Statement of the DeFinetti's representation theorem I'm using a standard textbook in statistics [1], and am confused with the statement of the DeFinetti's representation theorem.

Theorem 1.49 (DeFinetti's representation theorem). Let $(S,A,\mu)$ be a probability space, and let $(\mathcal{X},\mathcal{B})$ be a Borel space. For each $n$, let $X_n: S\to \mathcal{X}$ be measurable. The sequence $\{X_n\}_{n=1}^\infty$ is exchangeable if and only if there is a random probability measure $\mathbb{P}$ on $(\mathcal{X},\mathcal{B})$ such that, conditional on $\mathbb{P} = P$, the $X_n$'s are IID with distribution $P$. Furthermore, if the sequence is exchangeable, then the distribution of $\mathbb{P}$ is unique, and $\mathbb{P}_n(B)$ converges to $\mathbb{P}(B)$ almost surely for each $B \in \mathcal{B}$.

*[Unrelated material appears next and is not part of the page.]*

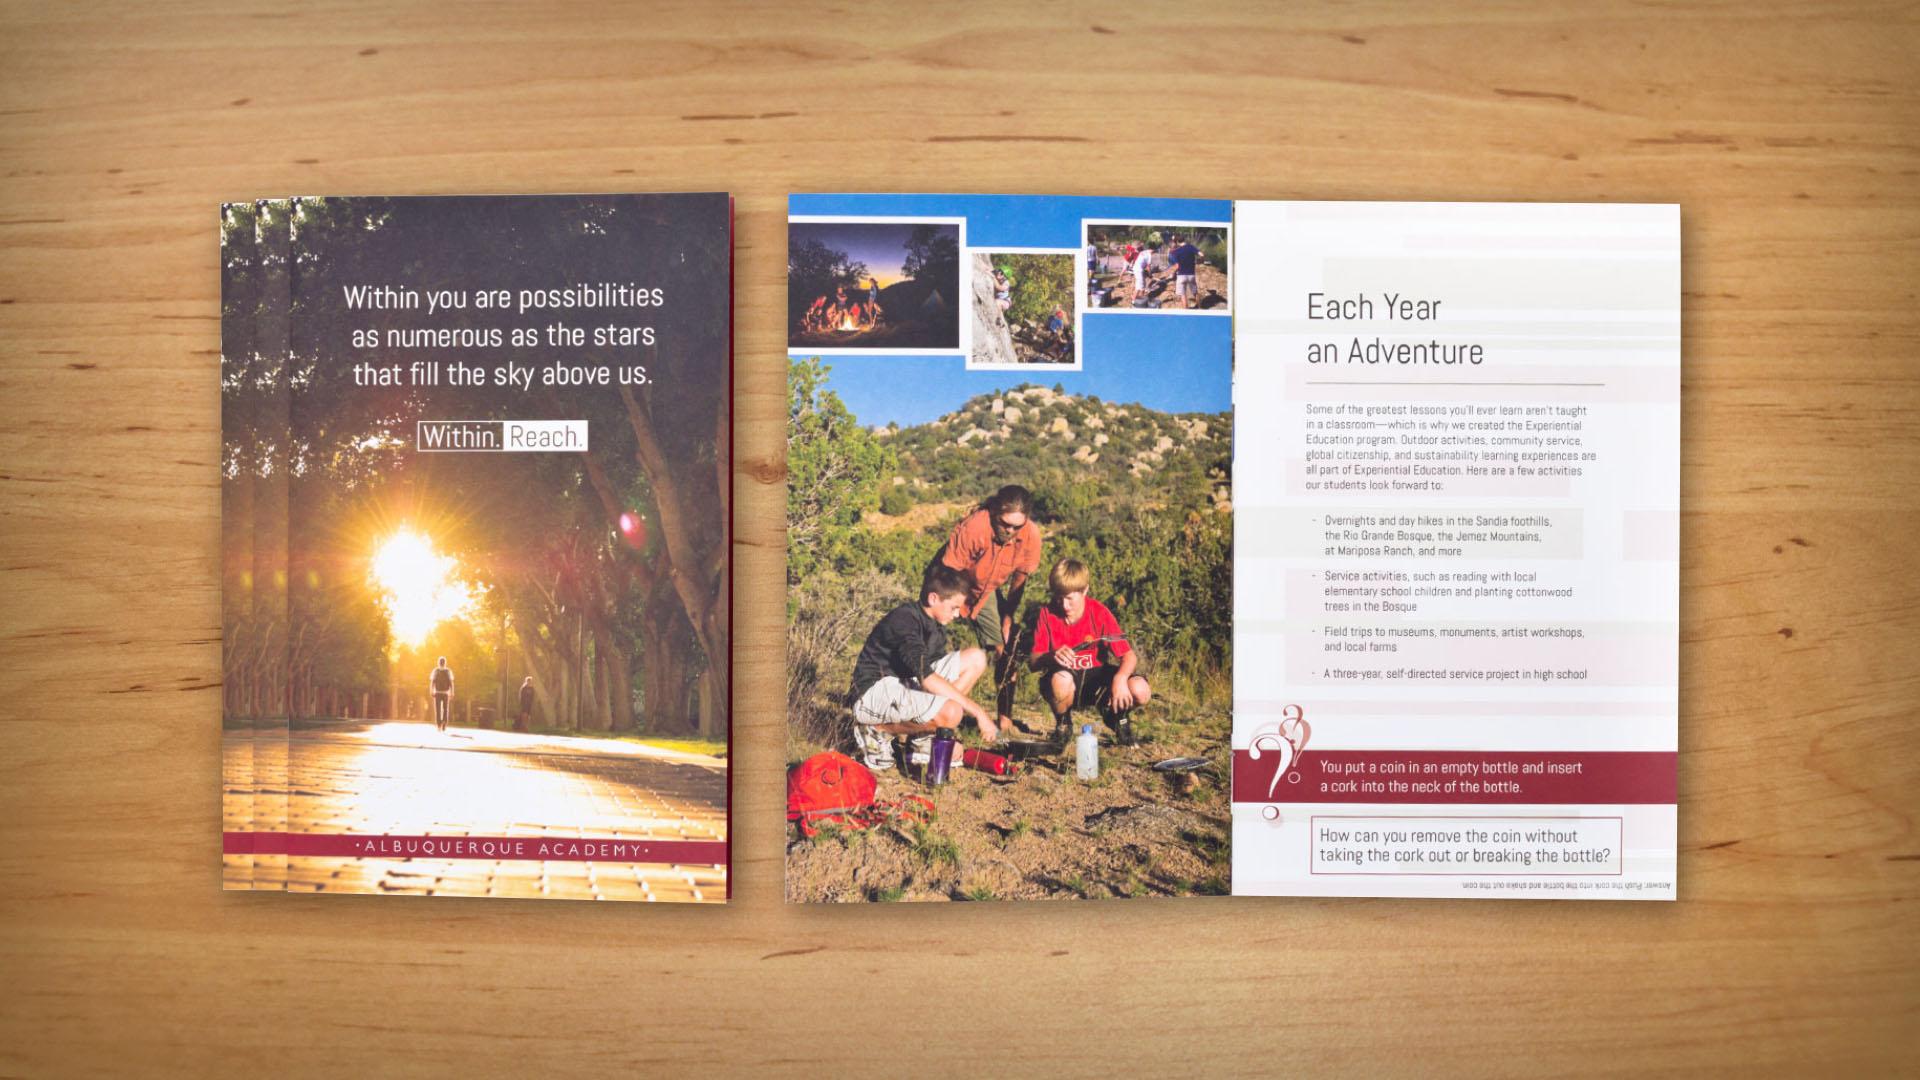 Albuquerque-Academy-Branding-Marketing-Admissions-Campaign-Mini-Viewbook-4.jpg

More precisely, I'm a confused with what a "random probability measure $\mathbb{P}$ on
$(\mathcal{X},\mathcal{B})$" means. Does it mean a random variable that takes value in
the space $M_{1}(\mathcal{X},\mathcal{B})$ of probability measure on $(\mathcal{X},\mathcal{B})$? This seems to
make the most sense because it later says

... the $X_n$ are IID with distribution P.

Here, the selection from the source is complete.